◆ **Exercise prompt**
Once the pictures are set aside, copy the data below exactly as it stands.

◆ **Given material**

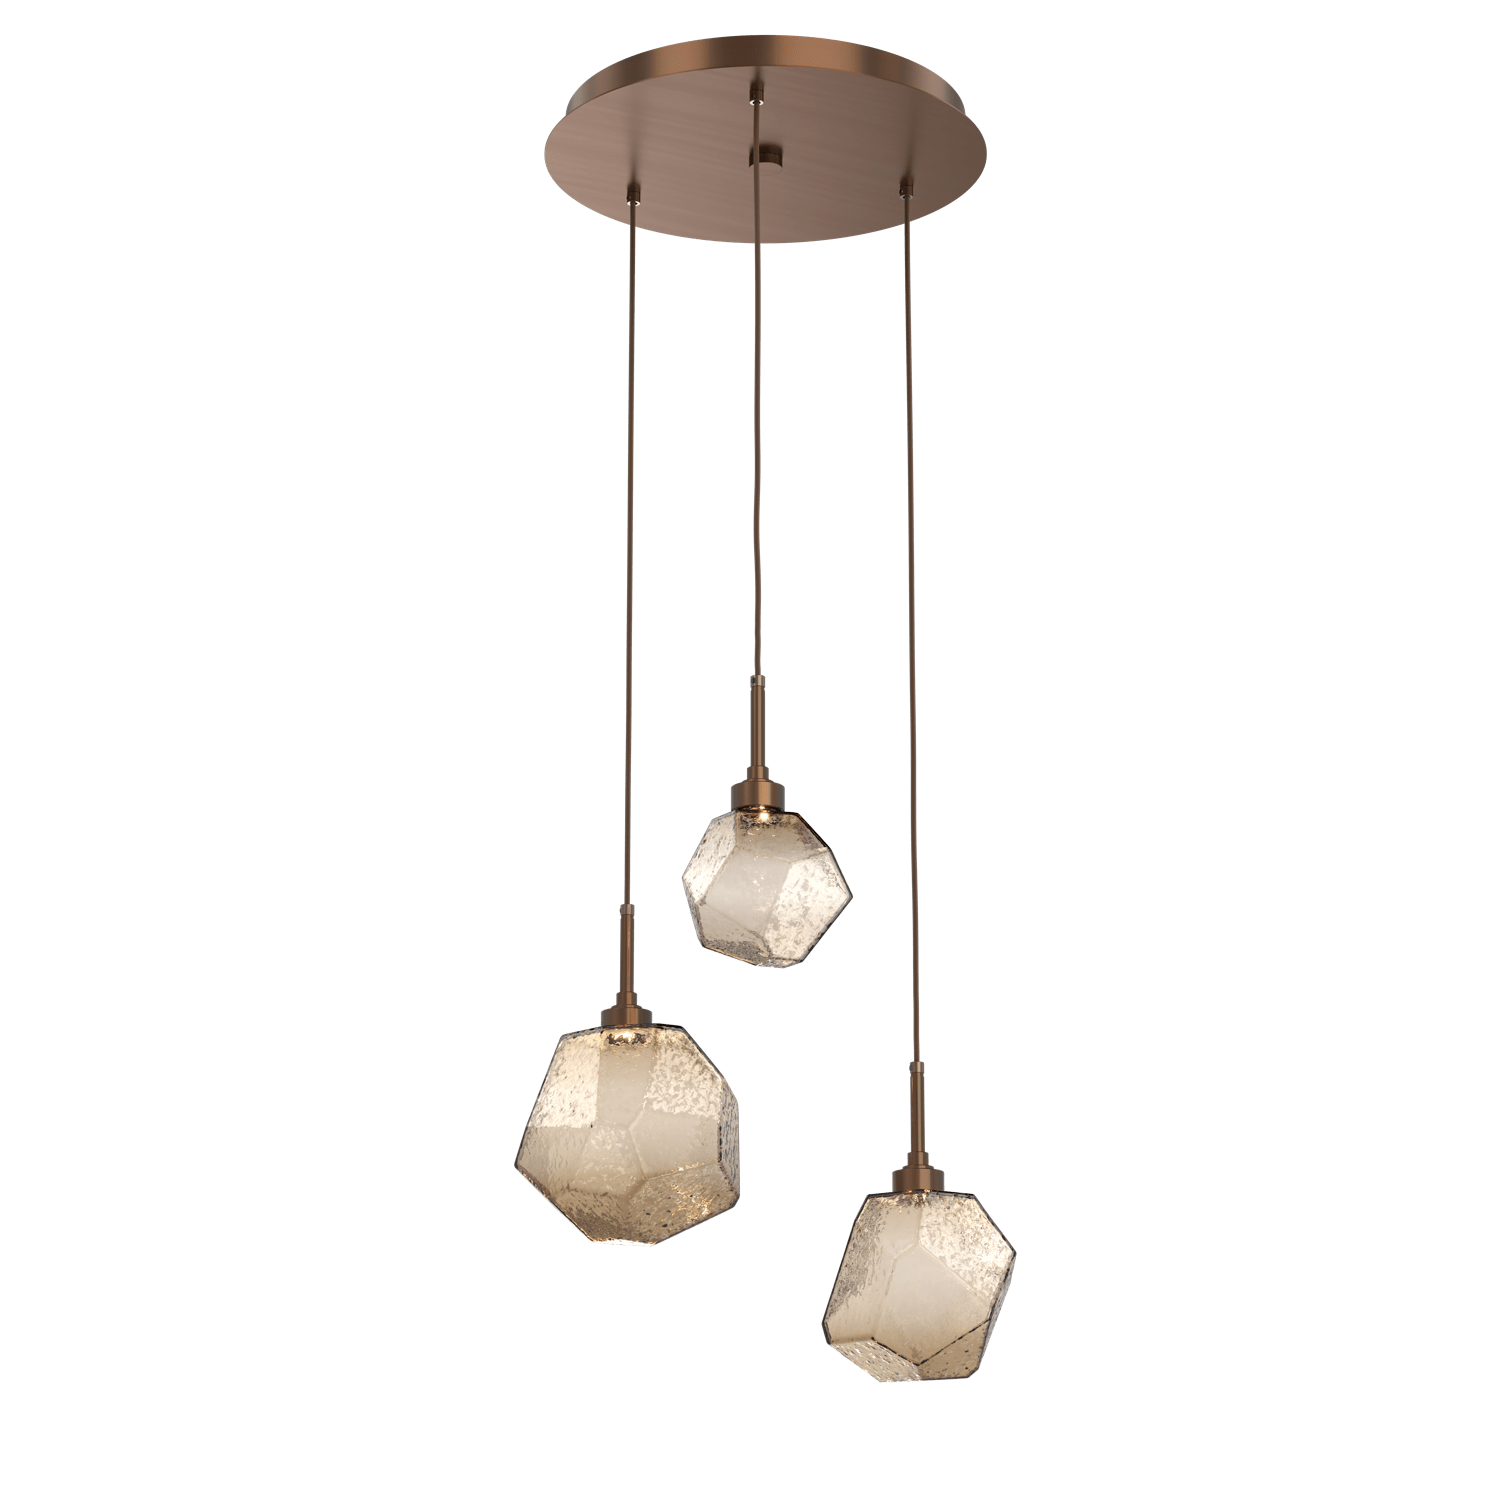 CHB0039-03-RB-B-Hammerton-Studio-Gem-3-light-round-pendant-chandelier-with-oil-rubbed-bronze-finish-and-bronze-blown-glass-shades-and-LED-lamping
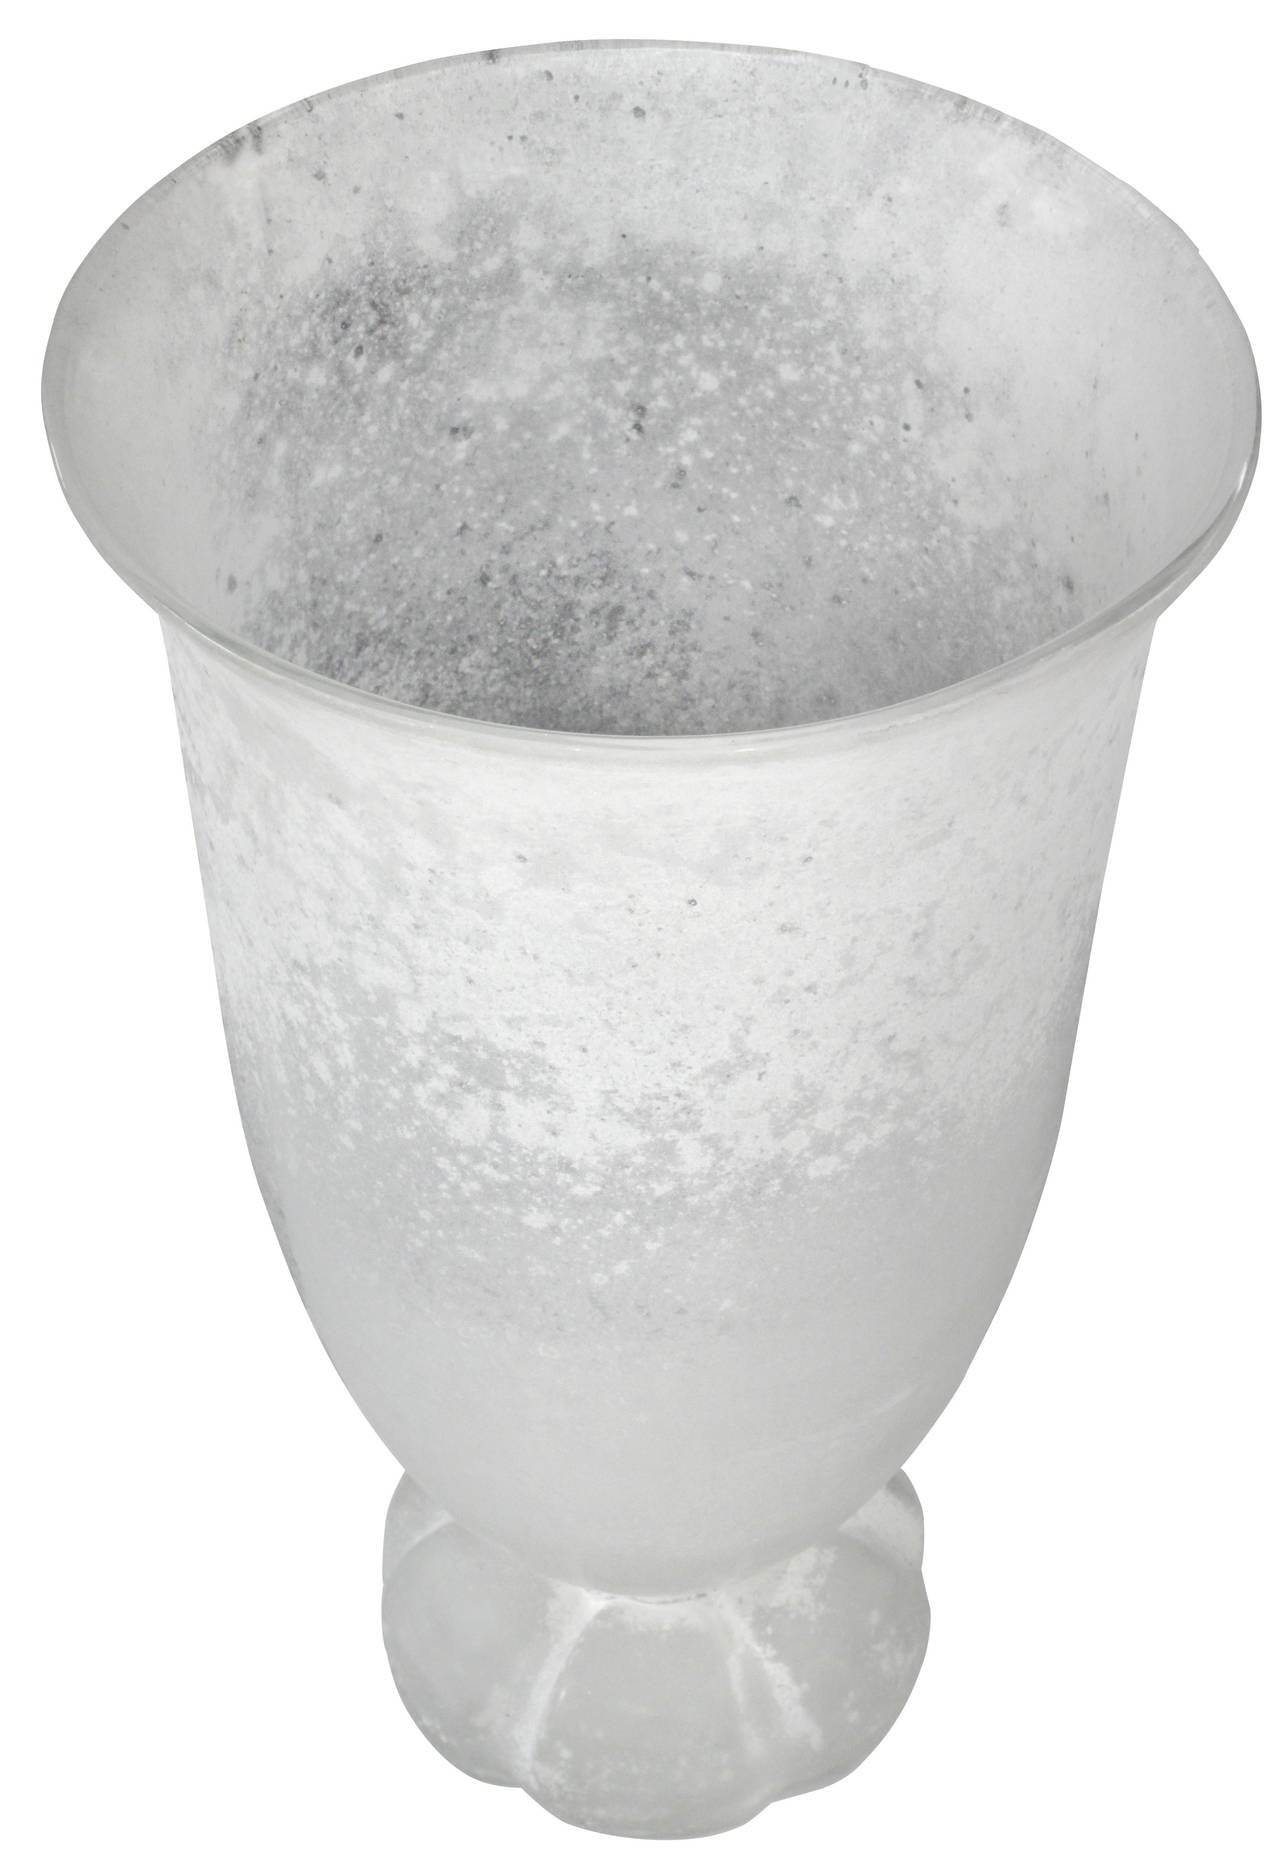 Large handblown glass urn or vase, white glass with Scavo (rough) finish, by Seguso (Murano, Italy) for Karl Springer, American, 1980s.
(Signed âKarl Springerâ on bottom).

◆ **The completed task**
 CHB0039-03-RB-B-Hammerton-Studio-Gem-3-light-round-pendant-chandelier-with-oil-rubbed-bronze-finish-and-bronze-blown-glass-shades-and-LED-lamping
 Large handblown glass urn or vase, white glass with Scavo (rough) finish, by Seguso (Murano, Italy) for Karl Springer, American, 1980s.
(Signed âKarl Springerâ on bottom).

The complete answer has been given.